Im Übrigen hätte sich auch dann, wenn eine fideikommissarische Substitution vorgelegen wäre, am Ergebnis der einkommensteuerrechtlichen Beurteilung nichts geändert, da die steuerfreien Beträge nach § 28 Abs 5 Z 5 EStG 1988 - wie ausgeführt - bei sämtlichen Übergängen von Todes wegen fortzuführen sind.

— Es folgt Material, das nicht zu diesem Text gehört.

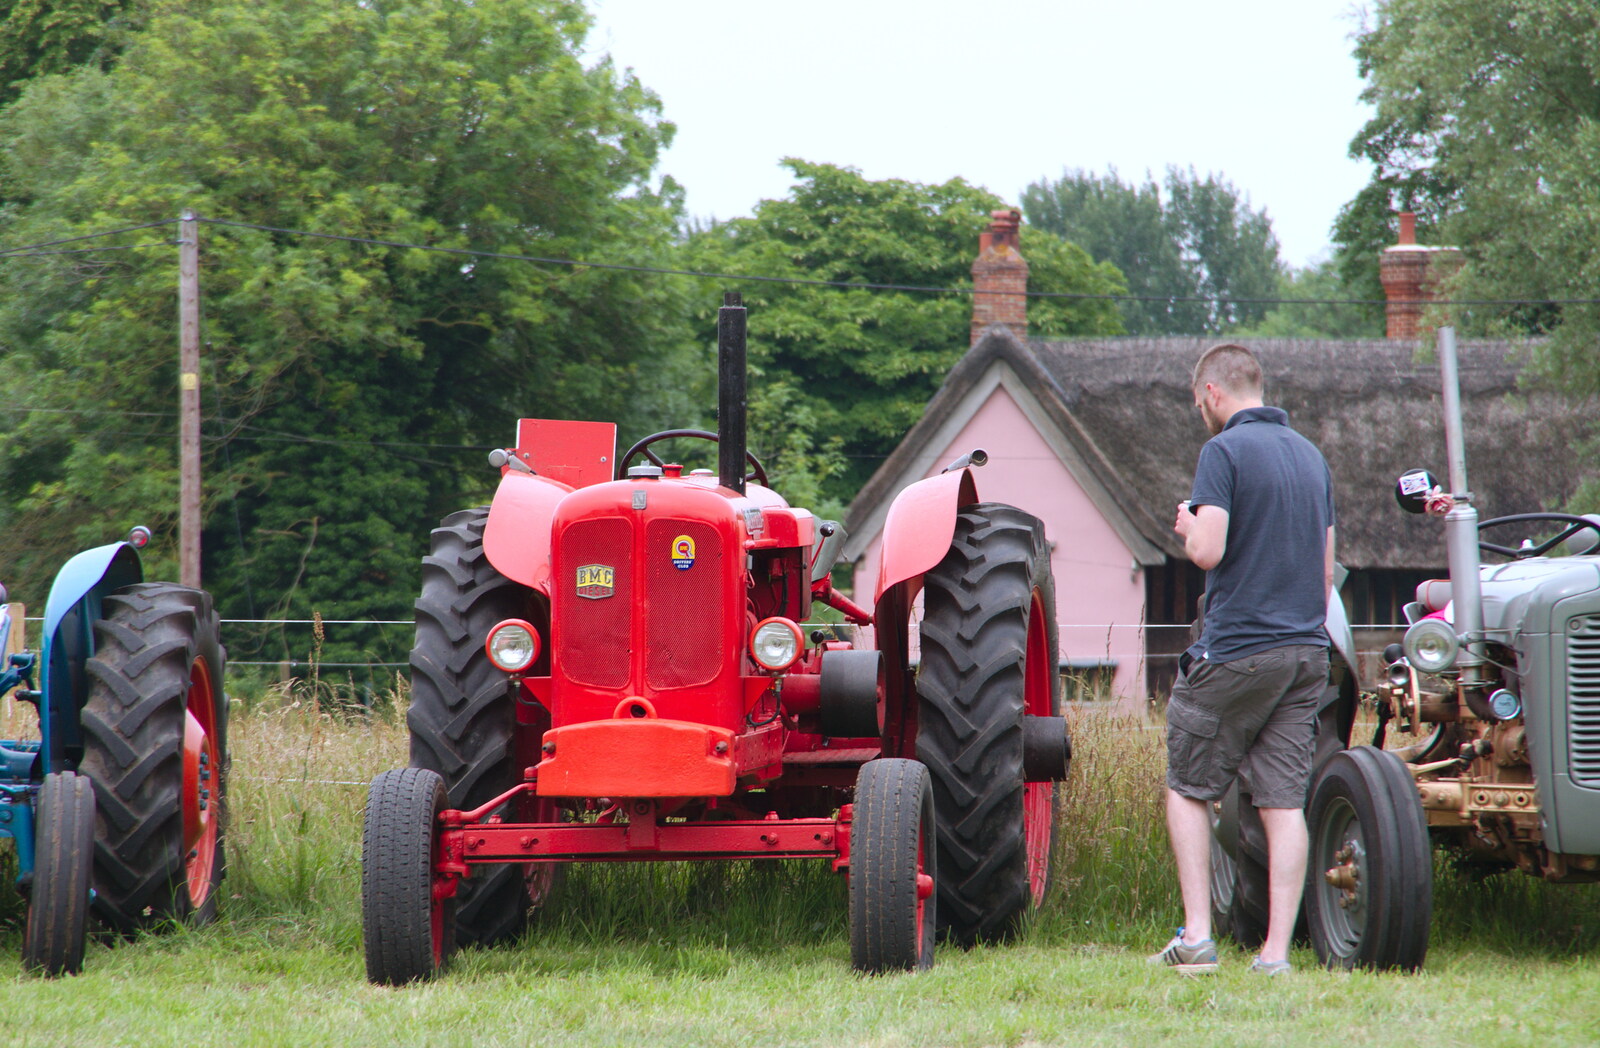 The Boy Phil inspects tractors from A Hog Roast on Little Green, Thrandeston, Suffolk - 23rd June 2019
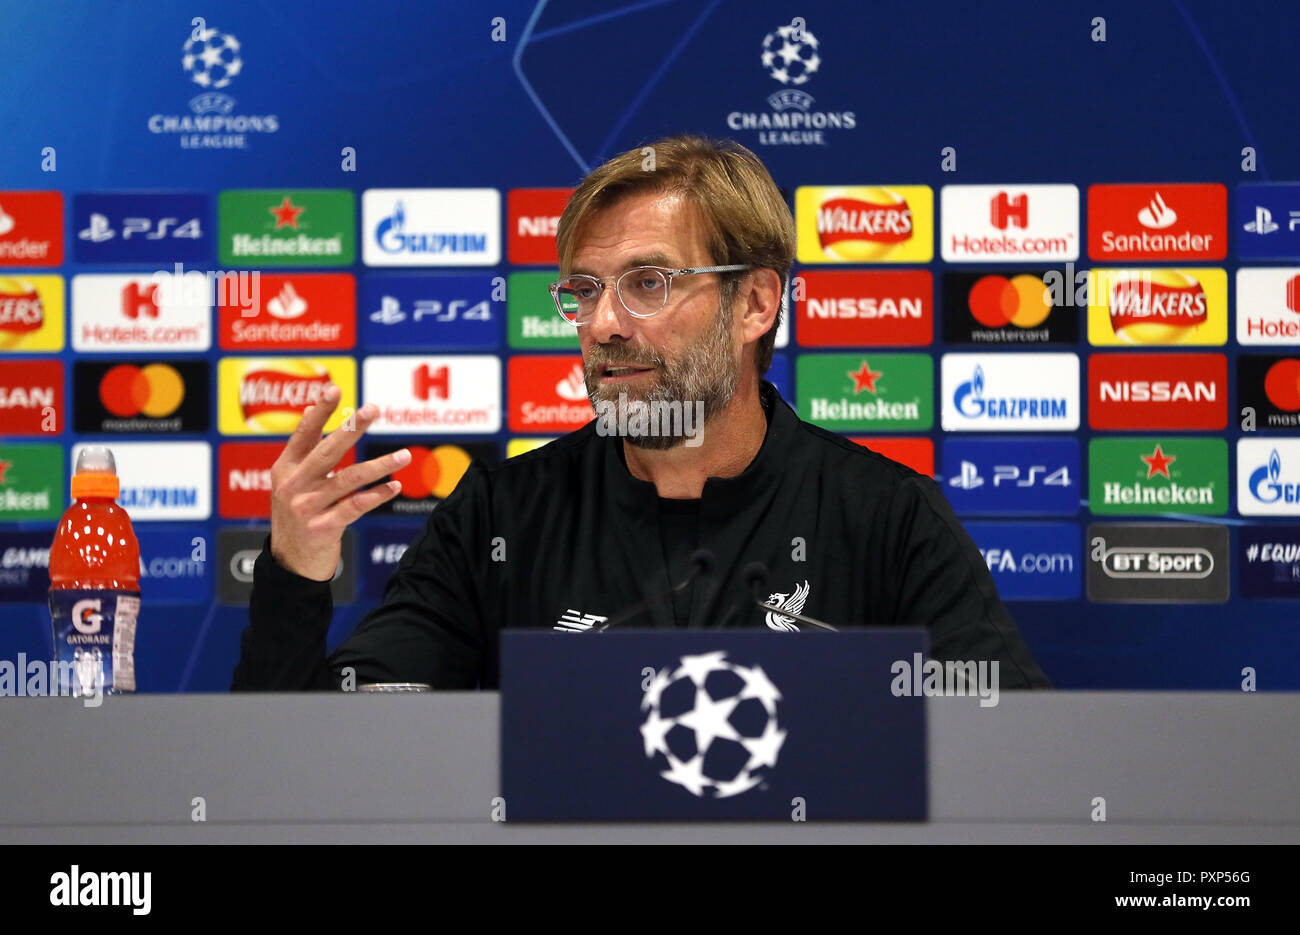 Liverpool manager Jurgen Klopp during the press conference at Anfield, Liverpool. PRESS ASSOCIATION Photo. Picture date: Tuesday October 23, 2018. See PA story SOCCER Liverpool. Photo credit should read: Richard Sellers/PA Wire Stock Photo

Dem Umstand, dass der Nacherbe Erbe nach dem (ursprünglichen) Erblasser ist, kommt dabei aus der Sicht der angeführten Gesetzesstelle keine Bedeutung zu. Der Vorerbe kann die Erbschaft - wenn auch unter Schonung der Substanz - unbeschränkt nutzen (vgl Koziol/Welser, Bürgerliches Recht II 10, 352). Der Vorerbe ist daher auch berechtigt, die im Zusammenhang mit der Nutzung der ererbten Liegenschaft stehenden steuerfreien Beträge nach § 28 Abs 5 EStG 1988 zu bilden. Im Falle der Übertragung des Gebäudes sind die steuerfreien Beträge im Falle der entgeltlichen Veräußerung oder im Falle der unentgeltlichen Übertragung unter Lebenden (einkünfteerhöhend) aufzulösen, im Falle der Übertragung von Todes wegen sind sie vom Erwerber fortzuführen

(vgl Quantschnigg/Schuch, ESt-Handbuch, § 28, Rz 72.4). Der Erwerb des Nacherben stellt ohne jeden Zweifel eine Übertragung von Todes wegen dar. Entgegen der Auffassung des Beschwerdeführers kann aus dem Wort "Fortführung" nicht geschlossen werden, dass der Nacherbe nur einen vom Erblasser, nicht aber einen solchen vom Vorerben gebildeten steuerfreien Betrag fortzuführen hat. Dem Sinn des Gesetzes ist vielmehr zu entnehmen, dass der steuerfreie Betrag entweder mit bestimmten Aufwendungen zu verrechnen oder nach spätestens neun Jahren einkünfteerhöhend aufzulösen ist, wodurch also der Effekt einer Steuerstundung erzielt wird. Dabei tritt bei einem todeswegigen Erwerb nicht nur der Gesamtrechtsnachfolger, sondern eben auch der Einzelrechtsnachfolger in die Rechtsstellung des Vorgängers ein.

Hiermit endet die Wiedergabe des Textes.